Figure 5—figure supplement 1. Short-term changes in EPSC/IPSC ratio during train stimulation at SuM-GC synapses.

(A) Representative PSCs in response to 10 light pulses at 10 Hz recorded from GC at holding potentials of –30 mV before (black) and after application of 10 μM NBQX (blue). The EPSC (red) was isolated by subtracting the blue trace from the black trace. 1 μM TTX, 500 μM 4-AP, 50 μM D-AP5, 100 μM LY341495, and 3 μM CGP55845 were included in the extracellular solution throughout the experiments. (B) Summary graph of normalized EPSC and IPSC amplitudes plotted against stimulus number. Two-way repeated measures ANOVA, F_(1,7) = 17.5, p<0.01, n=8. Data are presented as mean ± SEM. **p<0.01.

Figure 5—figure supplement 2. High fidelity activation of ChR2-expressing SuM fibers during trains.

(top) Representative trace of the extracellularly recorded fiber volley from supragranular layer in response to 10 light stimuli at 20 Hz. (bottom) Summary graph of normalized fiber volley amplitude plotted against the stimulus number. 5 Hz: One-way ANOVA, F_(9,40) = 0.41, p=0.92, n=5. 10 Hz: One-way ANOVA, F_(9,50) = 0.14, p=0.99, n=6. 20 Hz: One-way ANOVA, F_(9,50) = 0.35, p=0.95, n=6. Data are presented as mean ± SEM.

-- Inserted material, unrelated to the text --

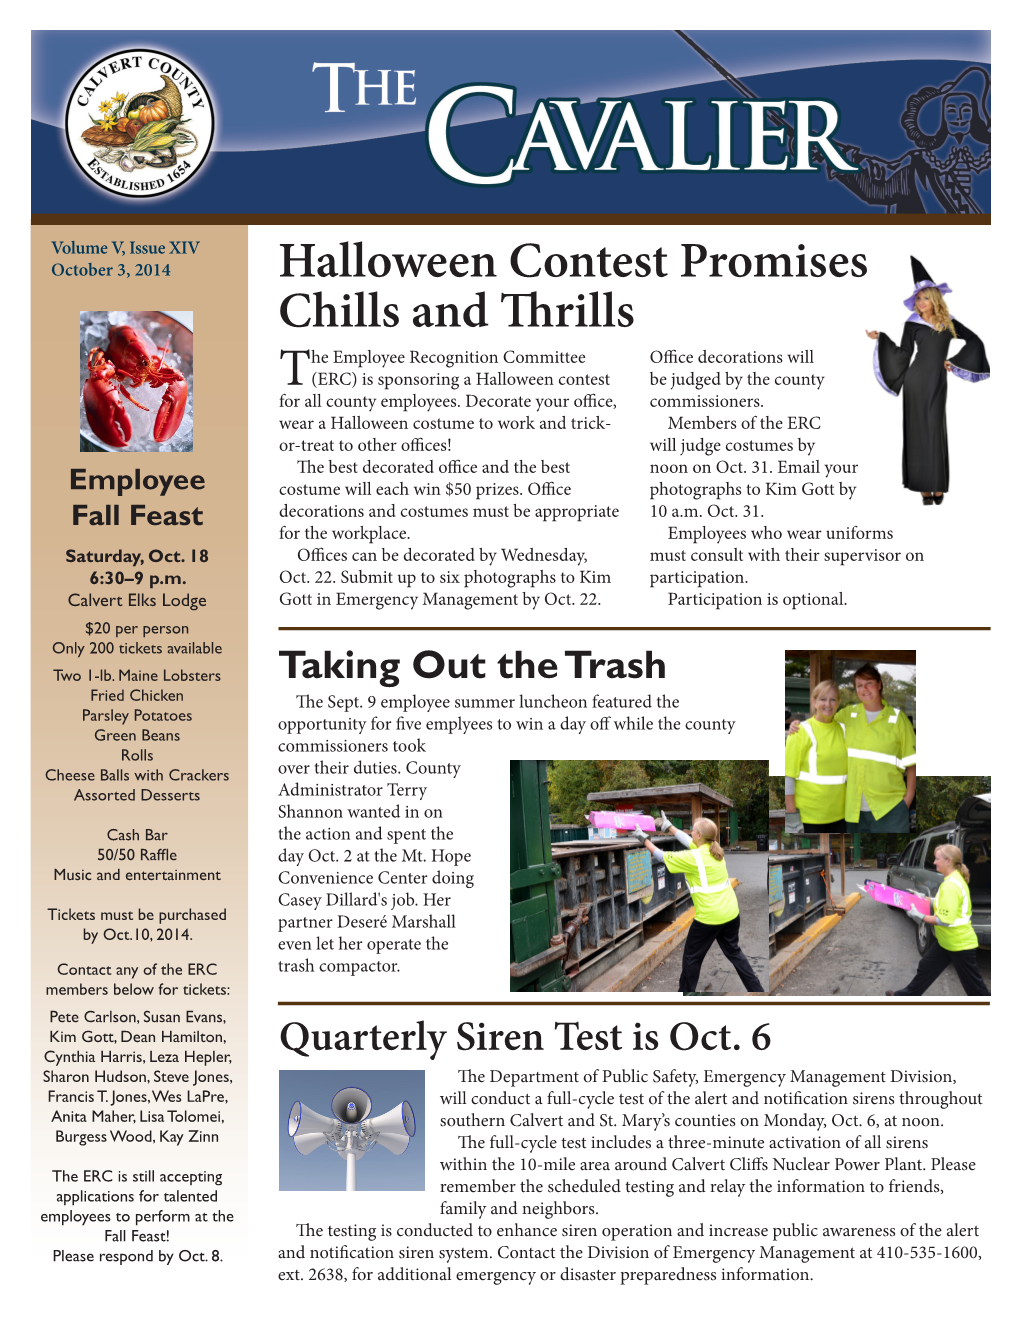 Halloween Contest Promises Chills and Thrills

Figure 5—figure supplement 3. Preventing postsynaptic saturation and desensitization does not alter short-term depression of EPSCs and IPSCs.

(A and B) (left) Representative traces showing EPSCs in response to 10 Hz (A) or 20 Hz (B) light stimulation before (top) and after (bottom) application of 2 mM γDGG. (right) Summary graph of normalized EPSC amplitudes plotted against stimulus number. 10 Hz: Two-way repeated measures ANOVA, F_(1,7) = 1.78, p=0.22, n=8. 20 Hz: Two-way repeated measures ANOVA, F_(1,7) = 0.65, p=0.45, n=8. (C and D) (left) Representative traces showing IPSCs in response to 10 Hz (C) or 20 Hz (D) light stimulation before (top) and after (bottom) application of 300 μM TPMPA. (right) Summary graph of normalized IPSC amplitudes plotted against stimulus number. 10 Hz: Two-way repeated measures ANOVA, F_(1,5) = 1.02, p=0.44, n=6. 20 Hz: Two-way repeated measures ANOVA, F_(1,4) = 0.21, p=0.67, n=5. Data are presented as mean ± SEM.